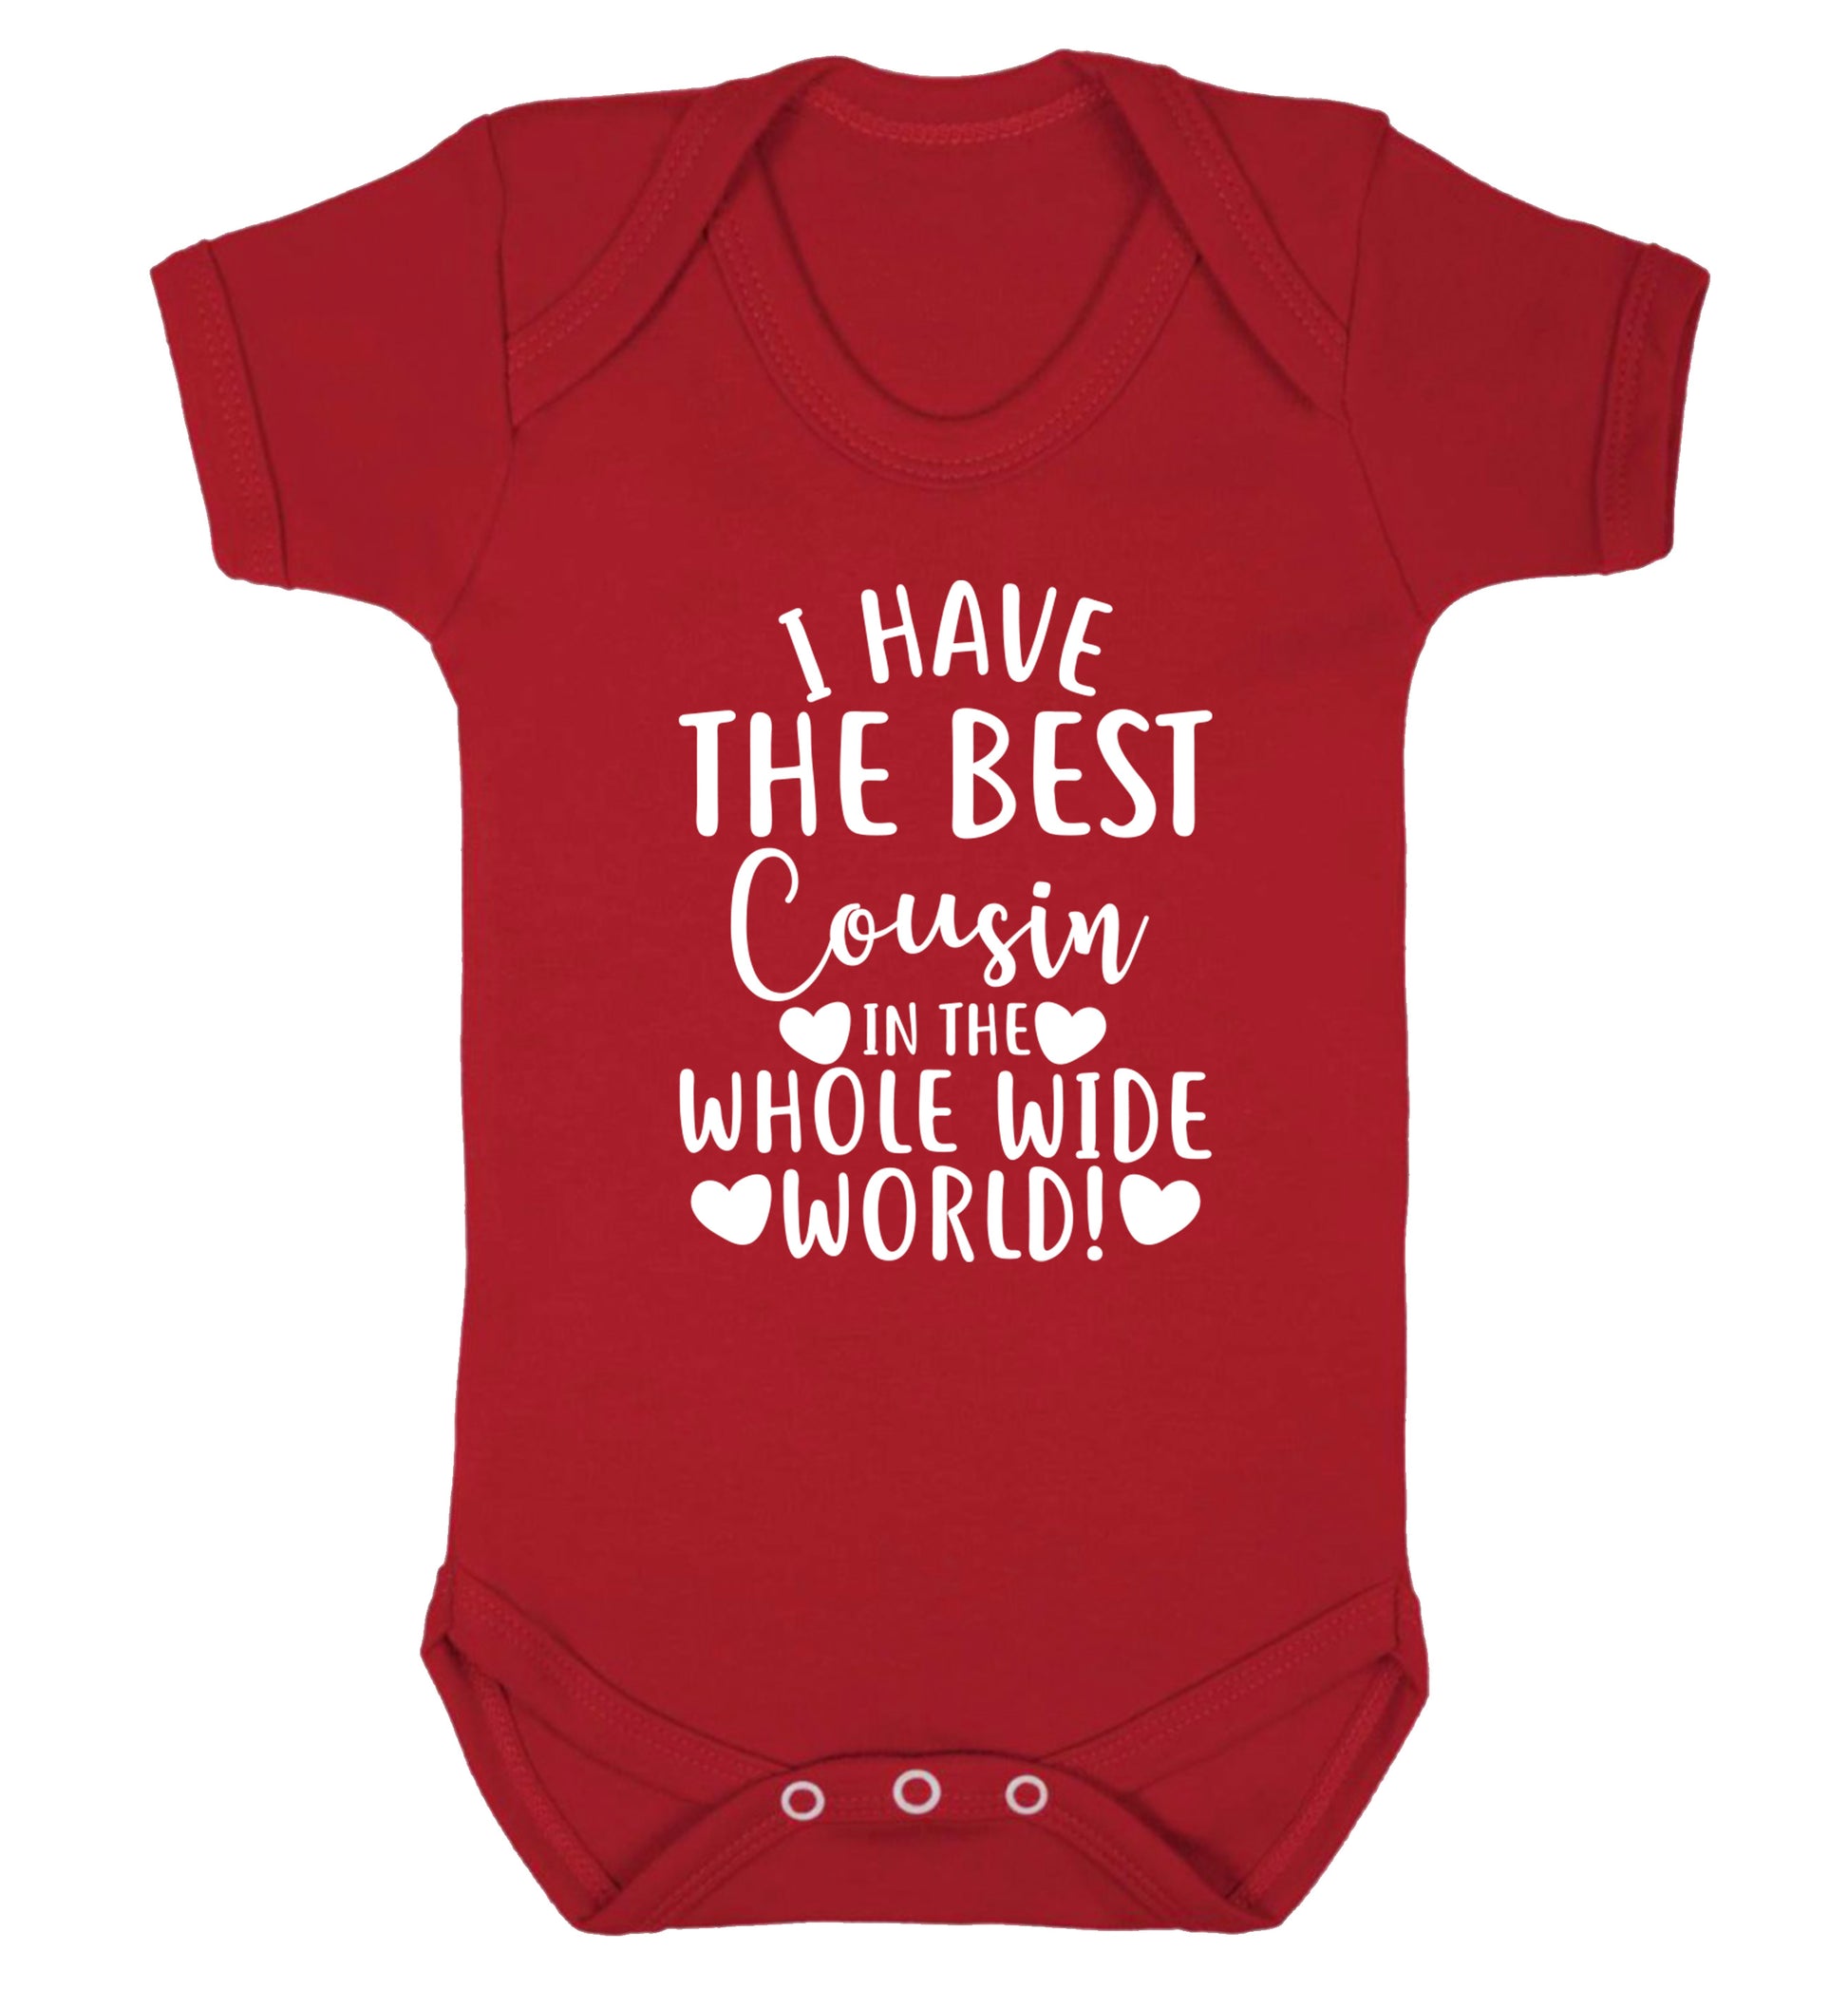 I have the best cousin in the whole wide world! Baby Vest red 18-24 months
* * *
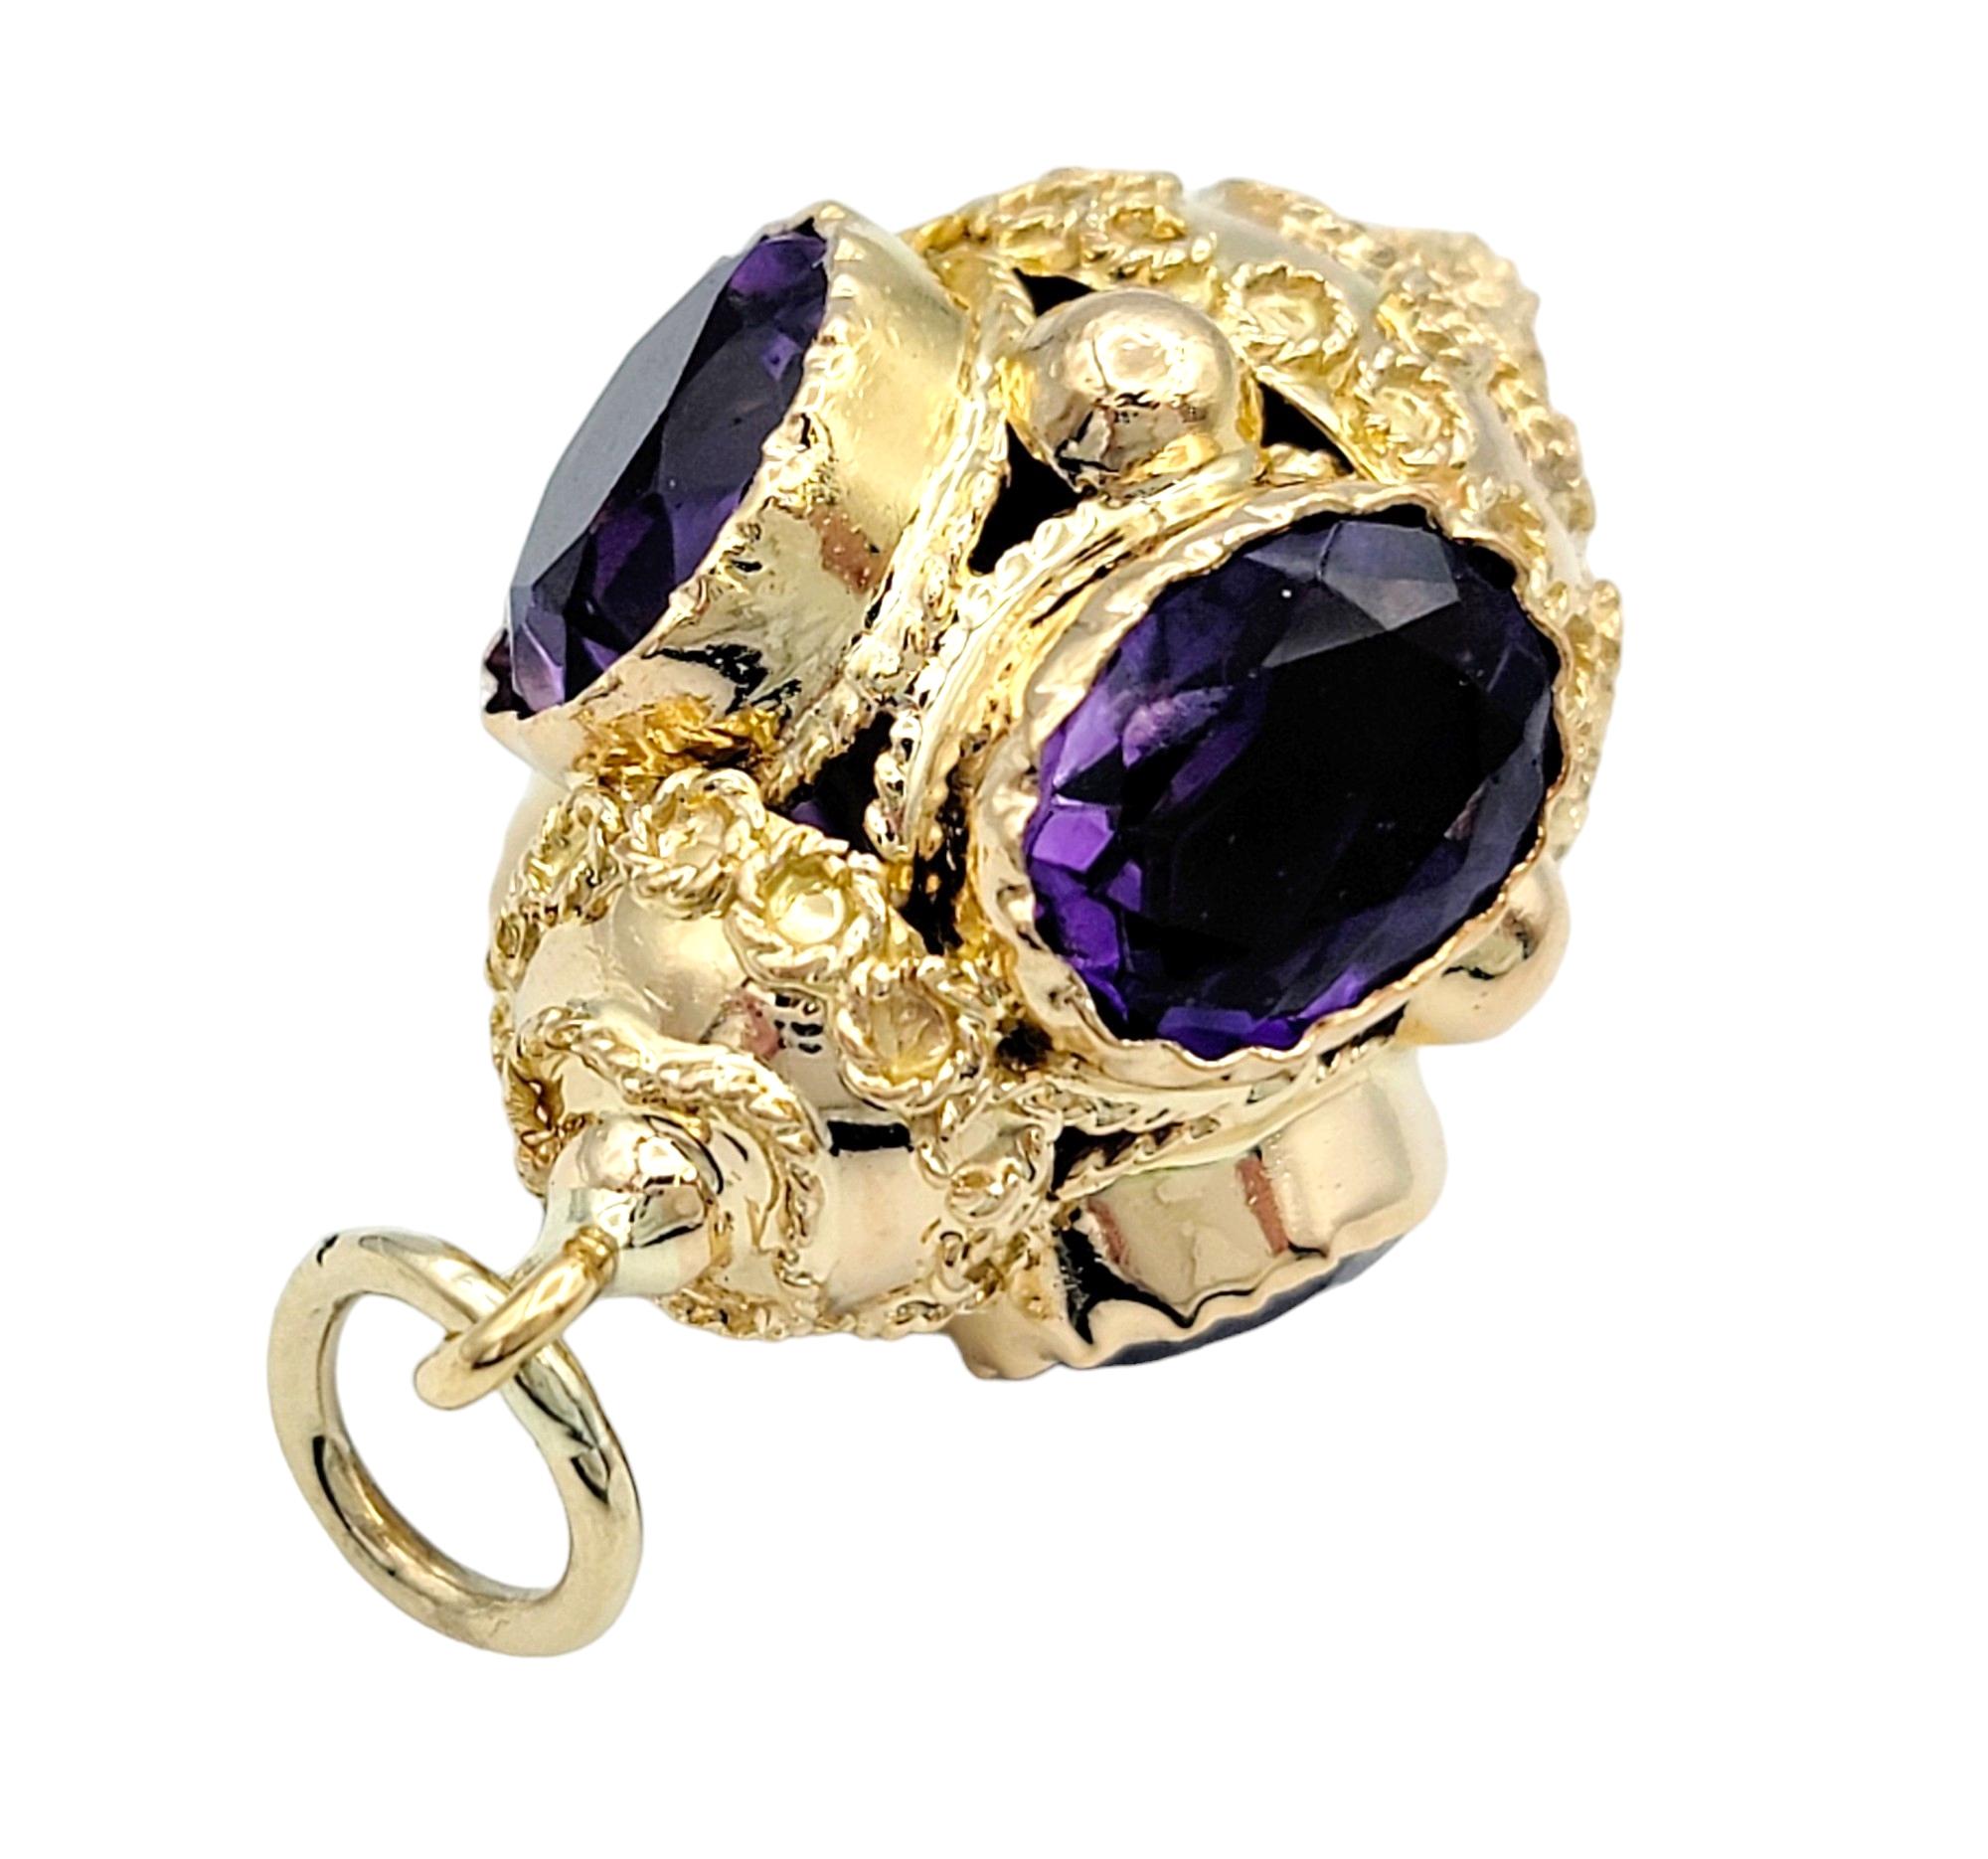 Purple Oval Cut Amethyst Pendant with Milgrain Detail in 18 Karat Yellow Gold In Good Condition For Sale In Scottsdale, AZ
---
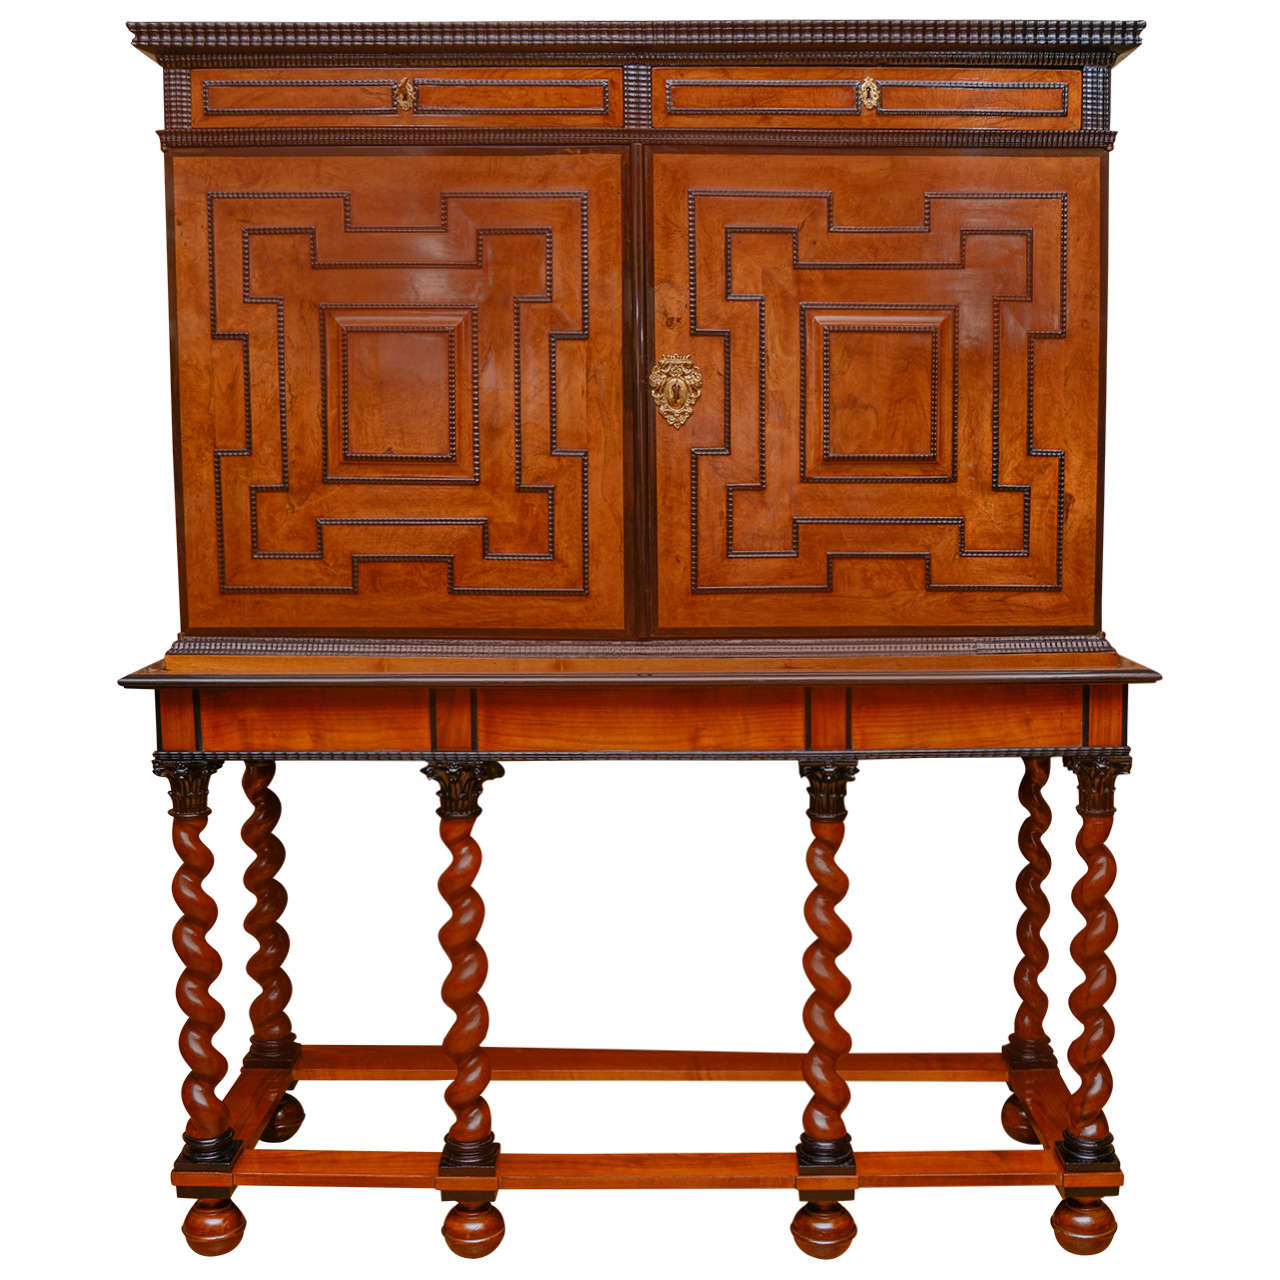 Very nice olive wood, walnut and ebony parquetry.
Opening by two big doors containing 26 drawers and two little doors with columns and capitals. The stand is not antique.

__REQUIRED WORK__.
From the line with "Very nice olive" up to and including the line with "Opening by two" above, retype every line exactly and nothing more; leave out the pictures.

__WRITTEN RESPONSE__.
 Very nice olive wood, walnut and ebony parquetry.
Opening by two big doors containing 26 drawers and two little doors with columns and capitals. The stand is not antique.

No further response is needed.